As an outlier, NS5 had the highest number of identified variations—I374V, E641D, N11S, R727G, V643A - from both human and NHP YFV sequences. NS5 protein is a fundamental enzyme for viral replication because it contains an N-terminal methyltransferase domain (MTase) and a C-terminal RNA dependent RNA polymerase domain (RdRp) [50]. MTase domain has important functions involved in protecting viral RNA from degradation and innate immunity response. RdRp is essential for viral RNA replication, because its activities cannot be performed by host polymerases, and is a promising target for antiviral drug development [51]. Furthermore, dengue virus NS5 has been associated with immune response evasion [52, p. 2]. With the structural analyses, we found that none of the SNVs found has been reported to be in positions with apparent connections to protein function or structure. However, R727G on the human dataset, on the thumb subdomain of RdRp domain, shows a change in predicted affinity for RNA upon SNV occurrence. This reduction in affinity could impact polymerase function and viral replication efficiency.

Conclusions

In conclusion, even though the method proposed was applied on data that was already available from other sources, our study demonstrate that it is efficient and easy to replicate, making it suitable for real-time genomic surveillance, in which genetic data is analized as it is generated.
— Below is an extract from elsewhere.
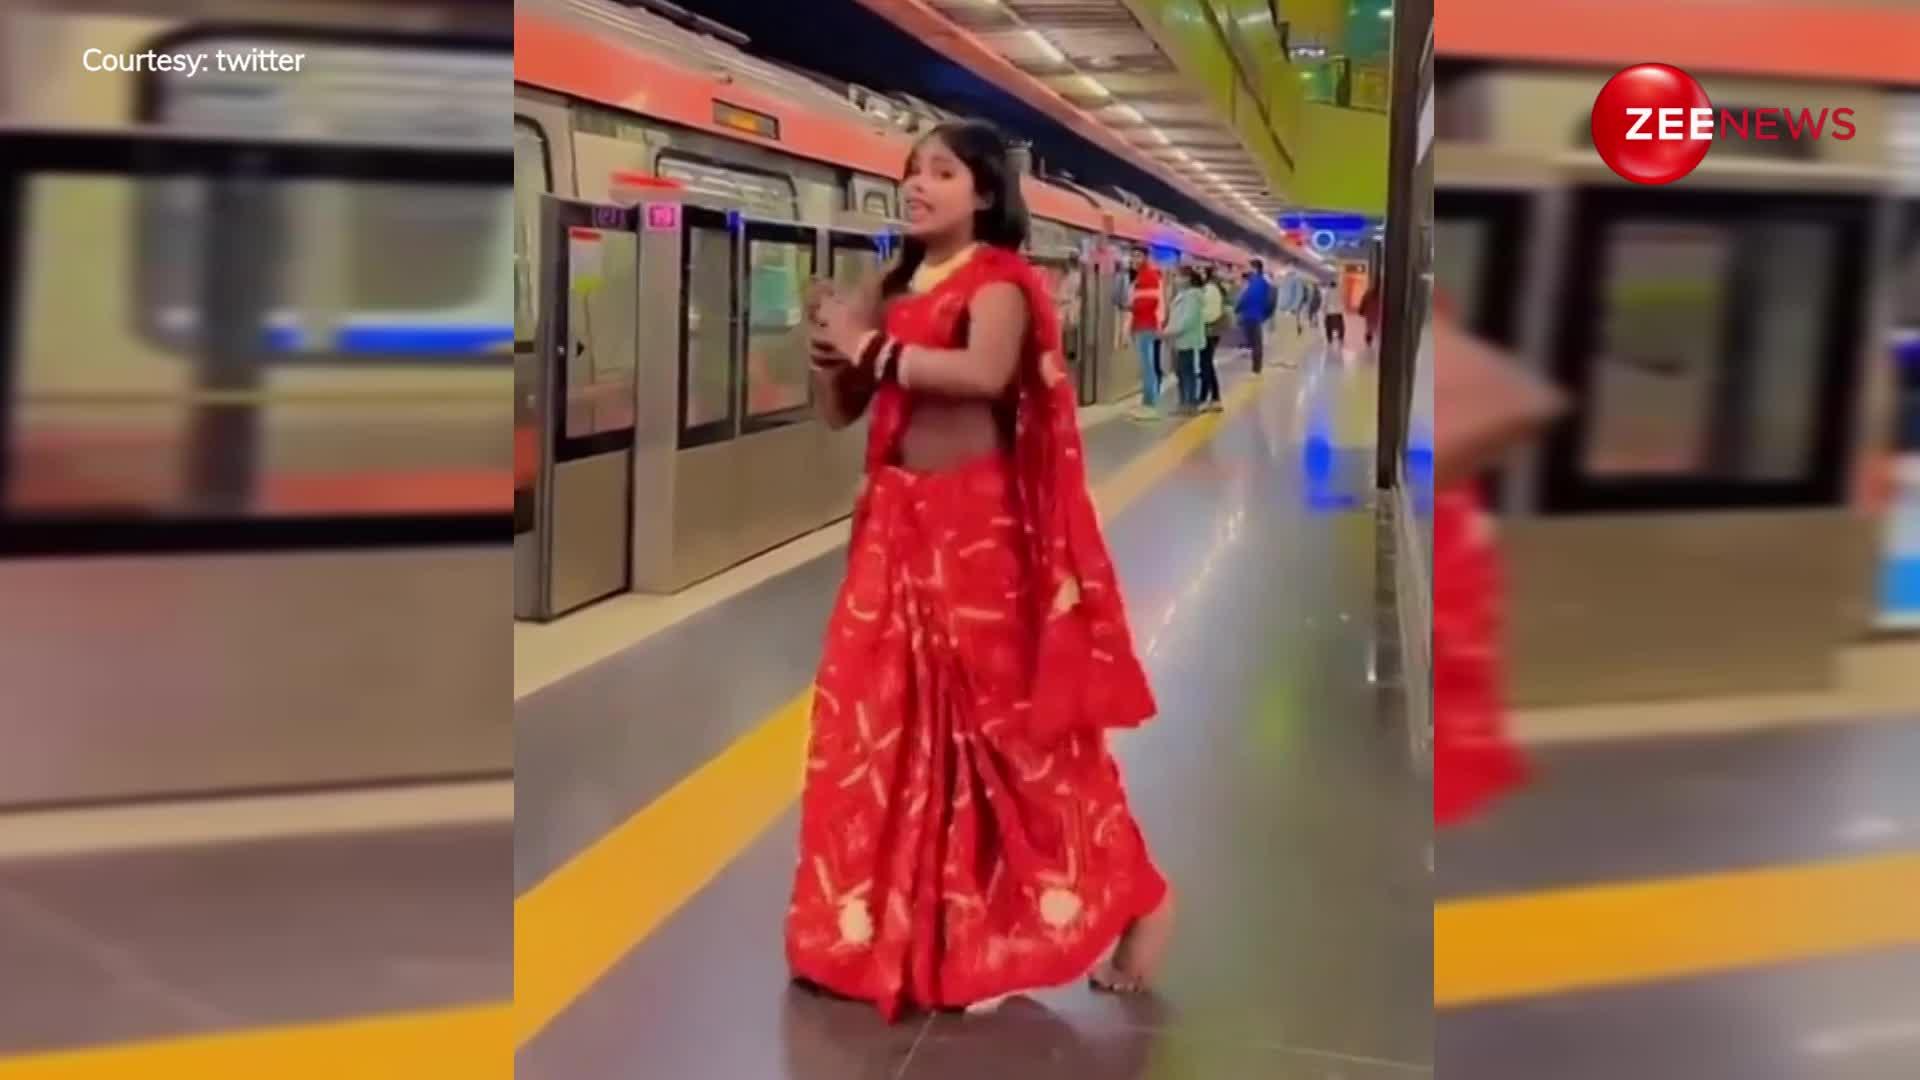 नई नवेली दुल्हन ने मेट्रो स्टेशन पर लाल साड़ी में किया जोरदार डांस, देख बोले लोग- हाय, करंट मारती है ये तो

This approach may help detect and inform on possible connections between ongoing genetic changes and public health in a timely manner.

Materials and methods

Ethics approval and consent to participate

This project was reviewed and approved by the Comissão Nacional de Ética em Pesquisa (CONEP) [National Research Ethics Committee] from the Brazilian Ministry of Health (BrMoH), as part of the arboviral genomic surveillance efforts within the terms of Resolution 510/2016 of CONEP, by the Pan American Health Organization Ethics Review Committee (PAHOERC) (Ref. No. PAHO-2016-08-0029), and by the Oswaldo Cruz Foundation Ethics Committee (CAAE: 90249218.6.1001.5248).

Datasets

We retrieved YFV complete or near complete genome sequences from the recent Brazilian outbreaks, available on public databases [1923], with associated epidemiological and clinical data containing relevant information regarding clinical severity and outcome for human infections samples, as well as PCR cycle threshold value (Ct) for both human and NHP samples. The alignment was made using MAFFT online [53] and was manually verified and corrected using AliView (https://ormbunkar.se/aliview/). Sequences with coverage lower than 90% were removed from the study. For ML analysis, human infection sequences were divided between not severe/not death and severe/death. Callithrix ssp. infection sequences were divided by low Ct (<20) and high Ct (≥ 20). After curation, the human dataset contained 56 YFV sequences, with 40 sequences related to severe/death cases, and 16 sequences related to not severe/not death cases. The NHP (Callithrix spp.) dataset, after curation, contained 27 sequences, of which 21 were related to low Ct values (< 20) and 6 were related to high Ct values (> = 20).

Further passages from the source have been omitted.